▶ **Data section**

⁂

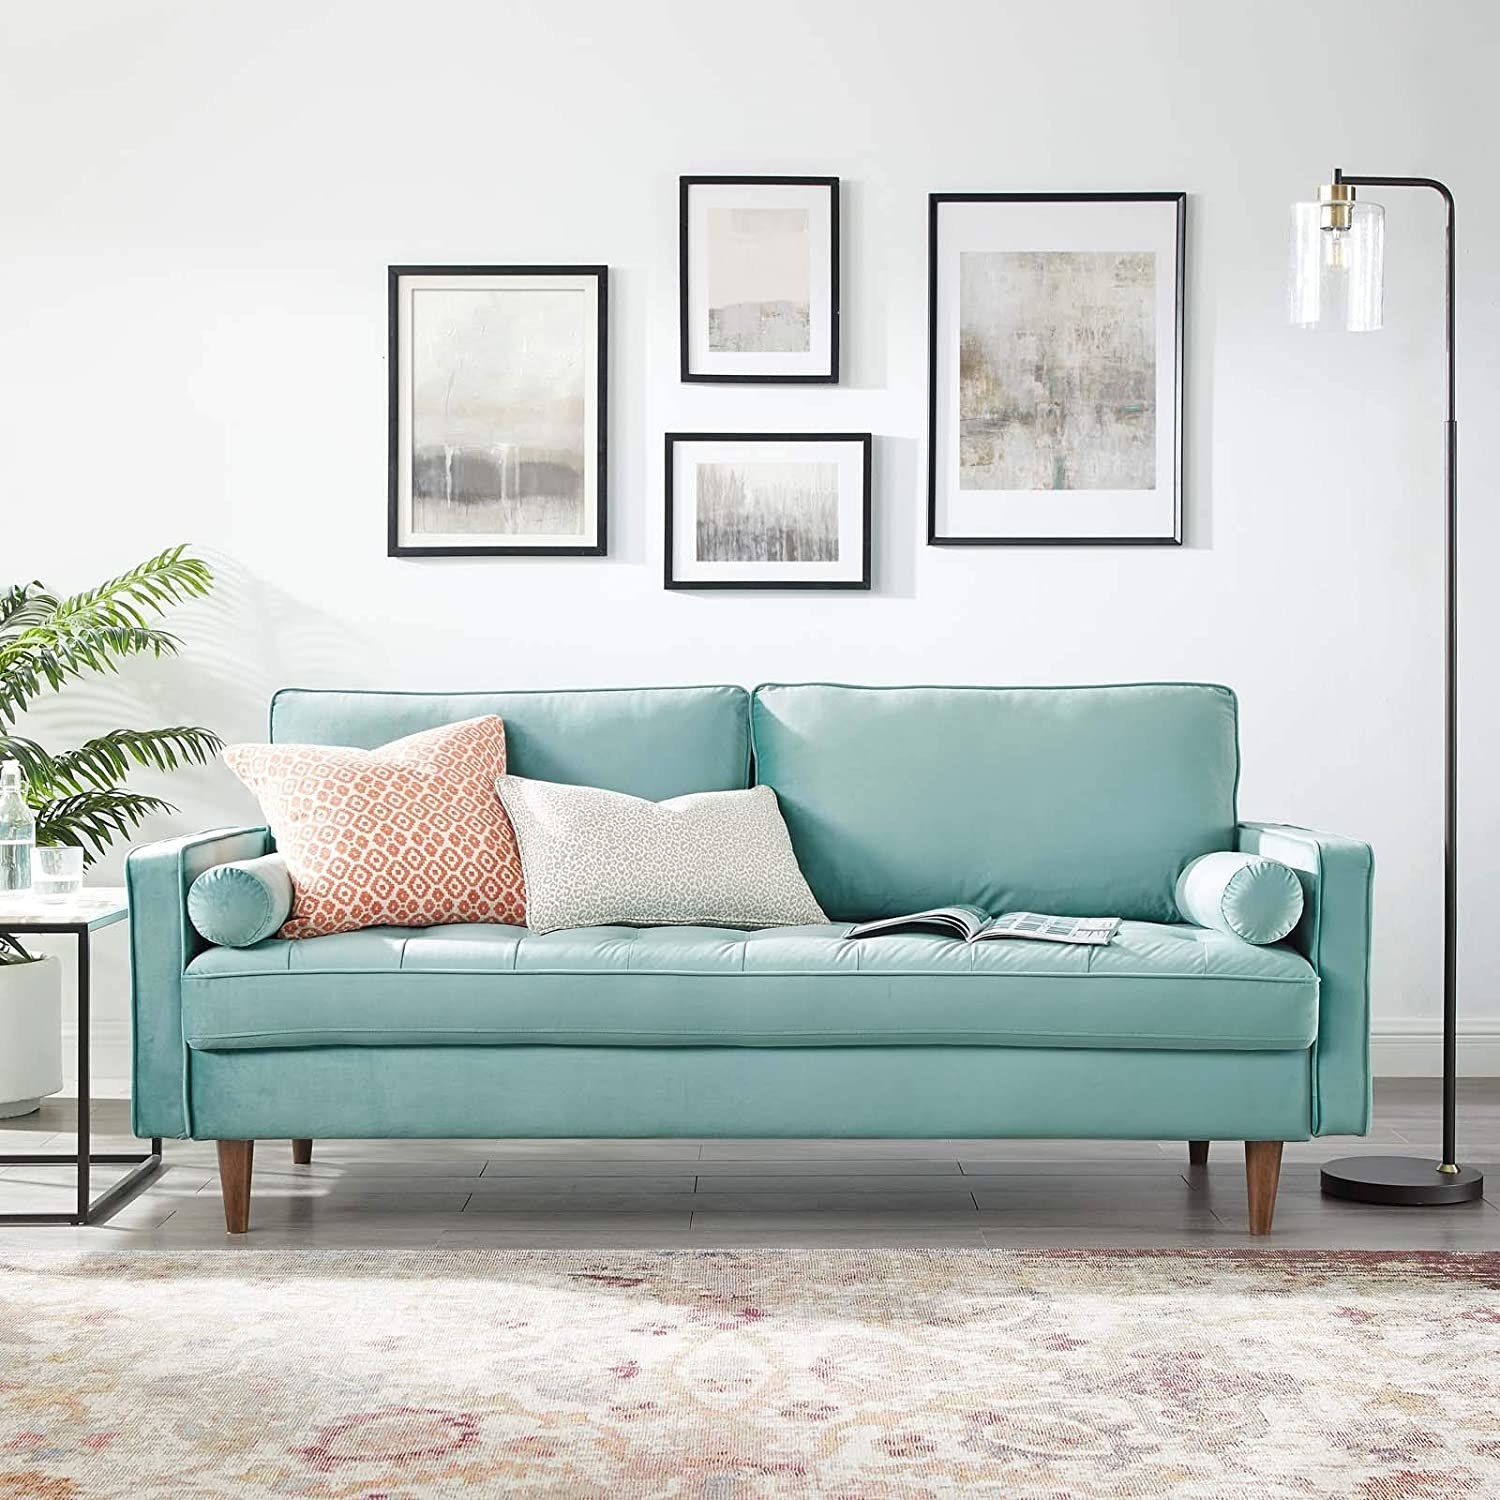 A light blue couch in a white room
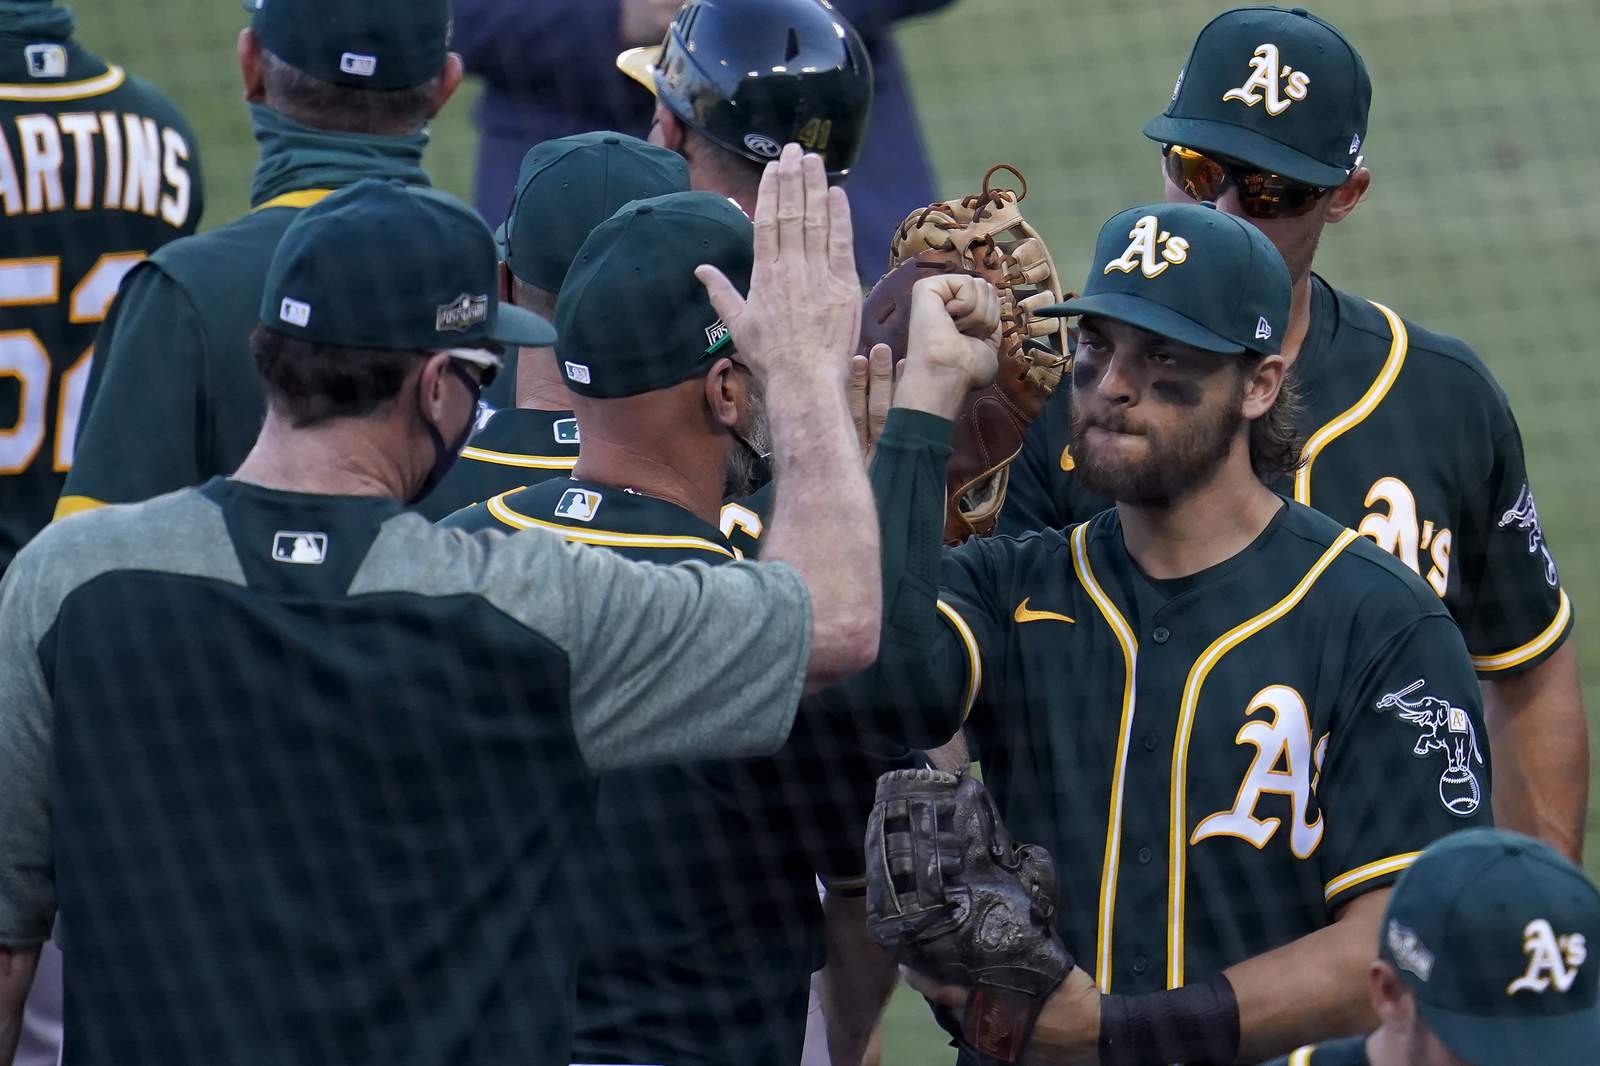 Pinder's HR helps rally A's past Astros 9-7, trail ALDS 2-1
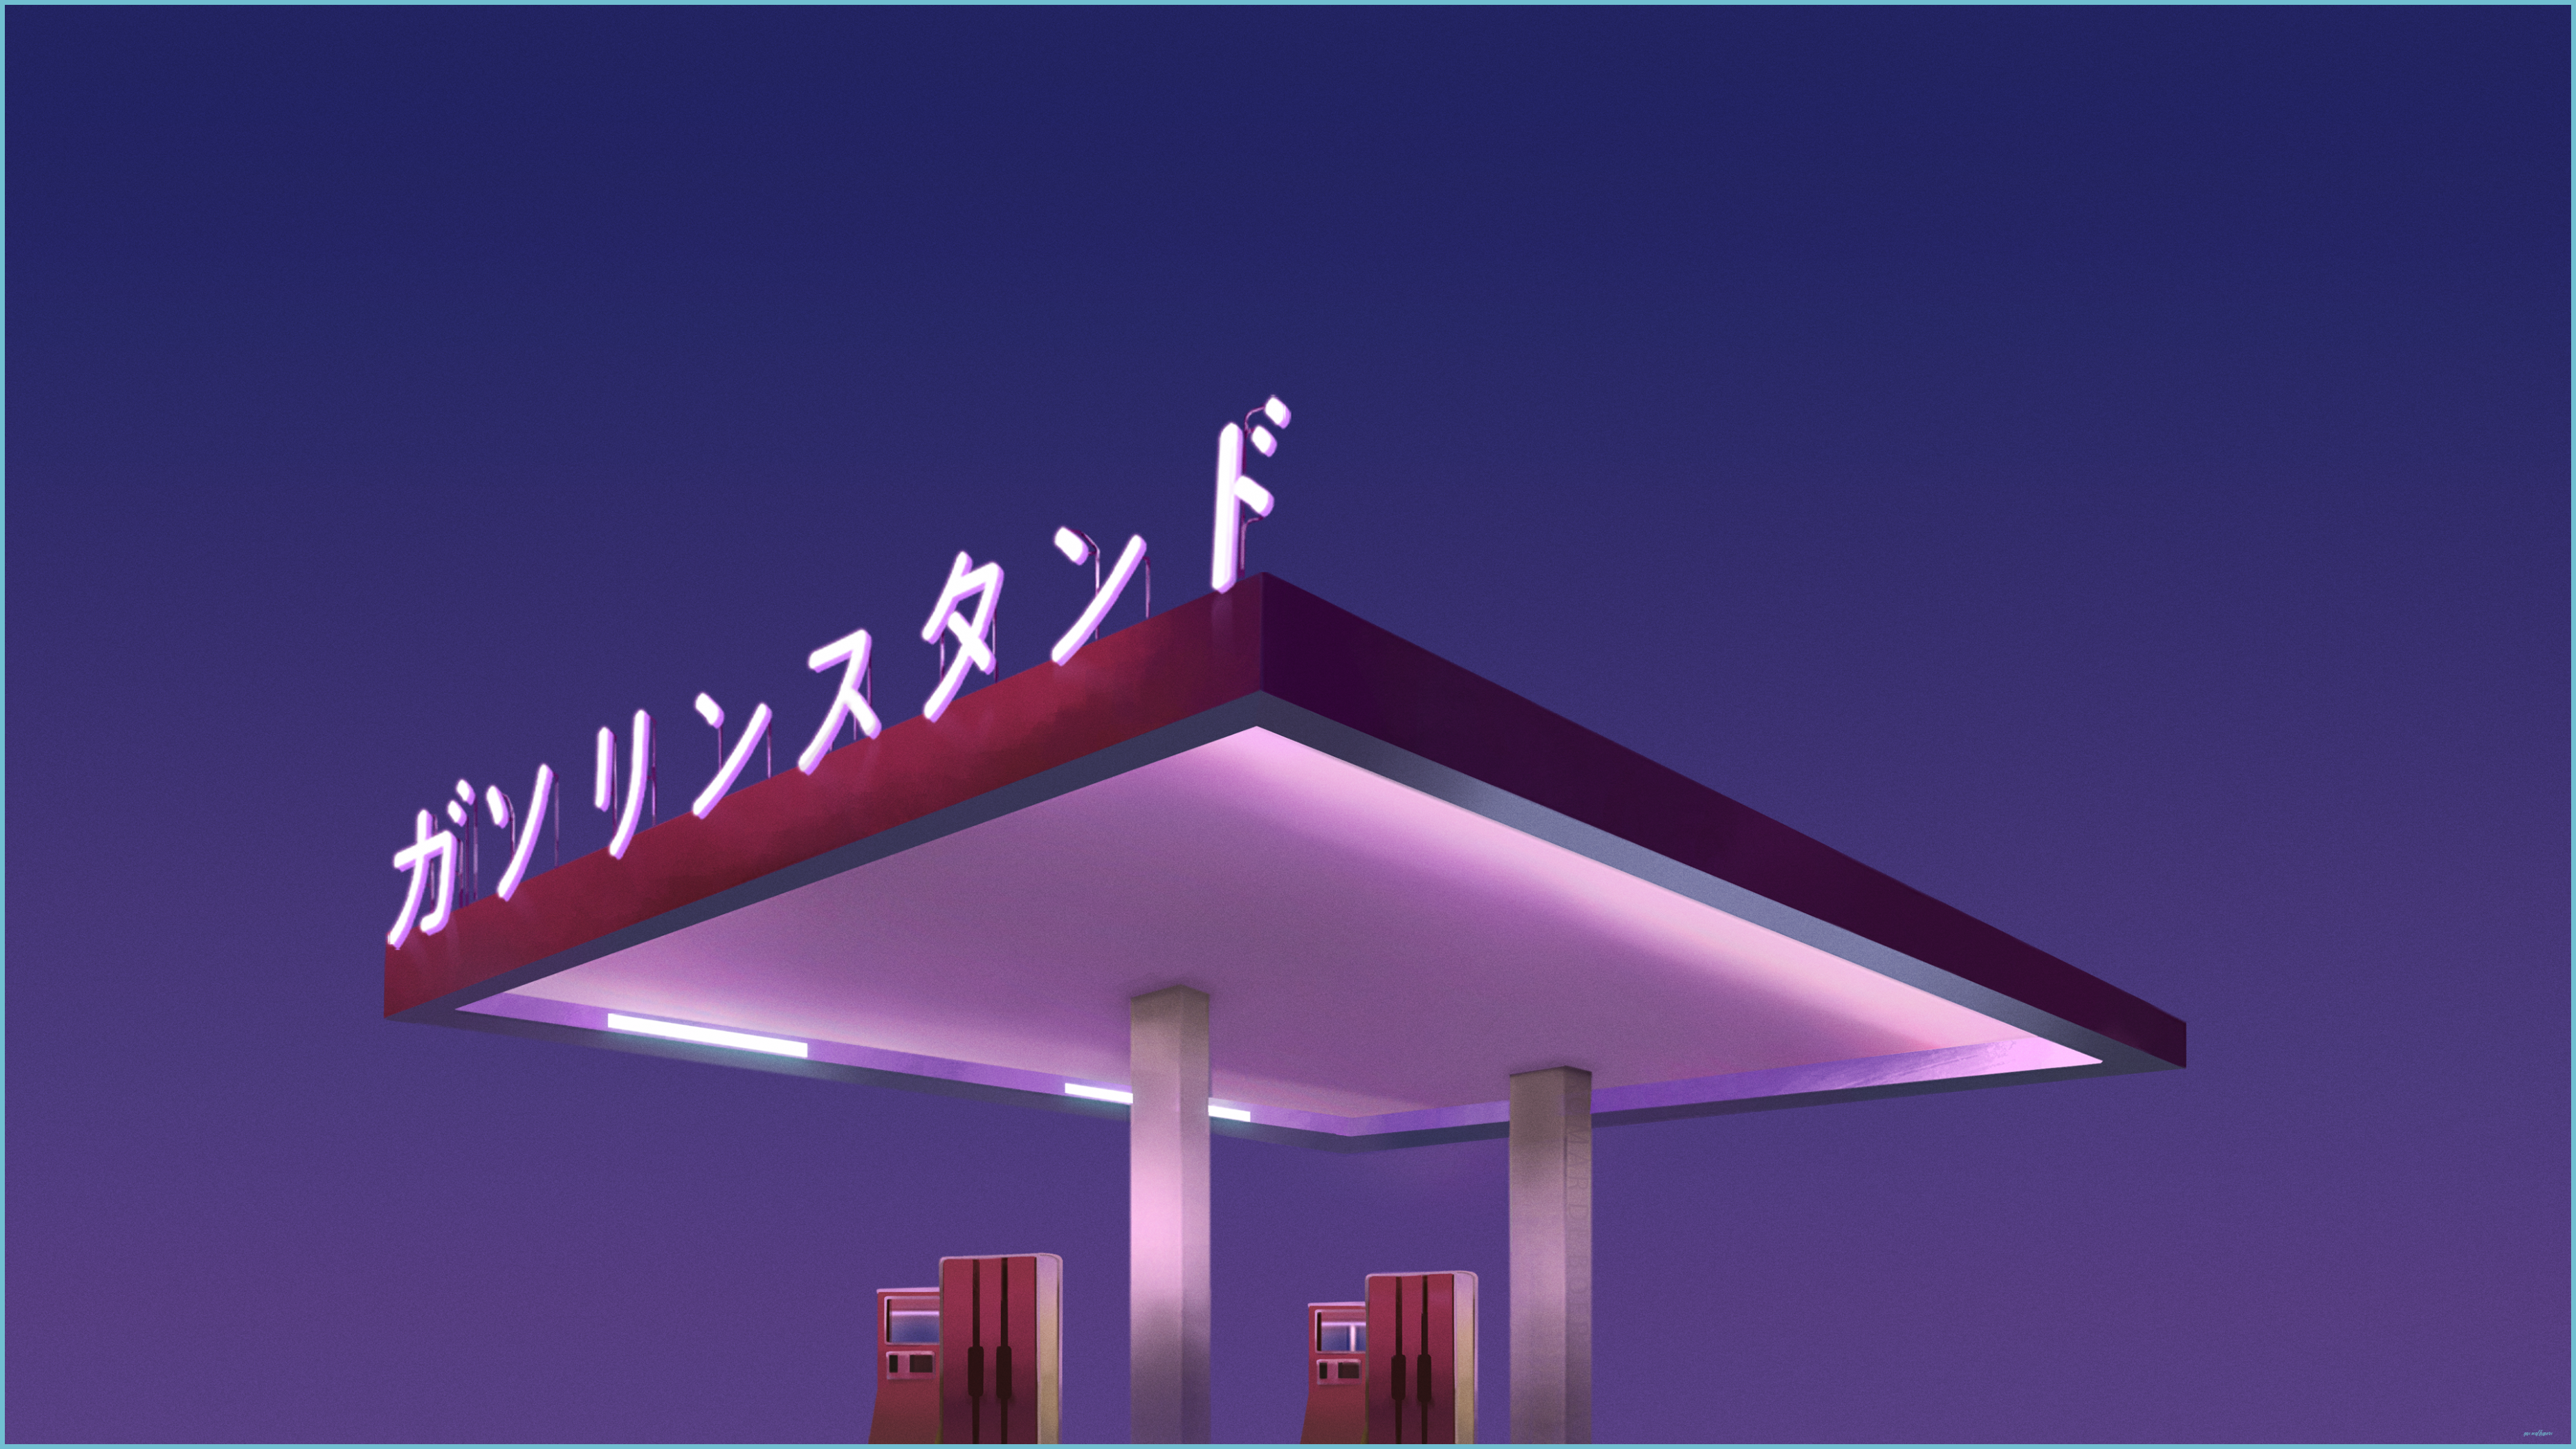 Neon Gas Station Wallpaper Free Neon Gas Station Background

⁂

Ignore the images and quote every line of the listing exactly.

▶ **Result below**
 A light blue couch in a white room
 Pinder's HR helps rally A's past Astros 9-7, trail ALDS 2-1
 Neon Gas Station Wallpaper Free Neon Gas Station Background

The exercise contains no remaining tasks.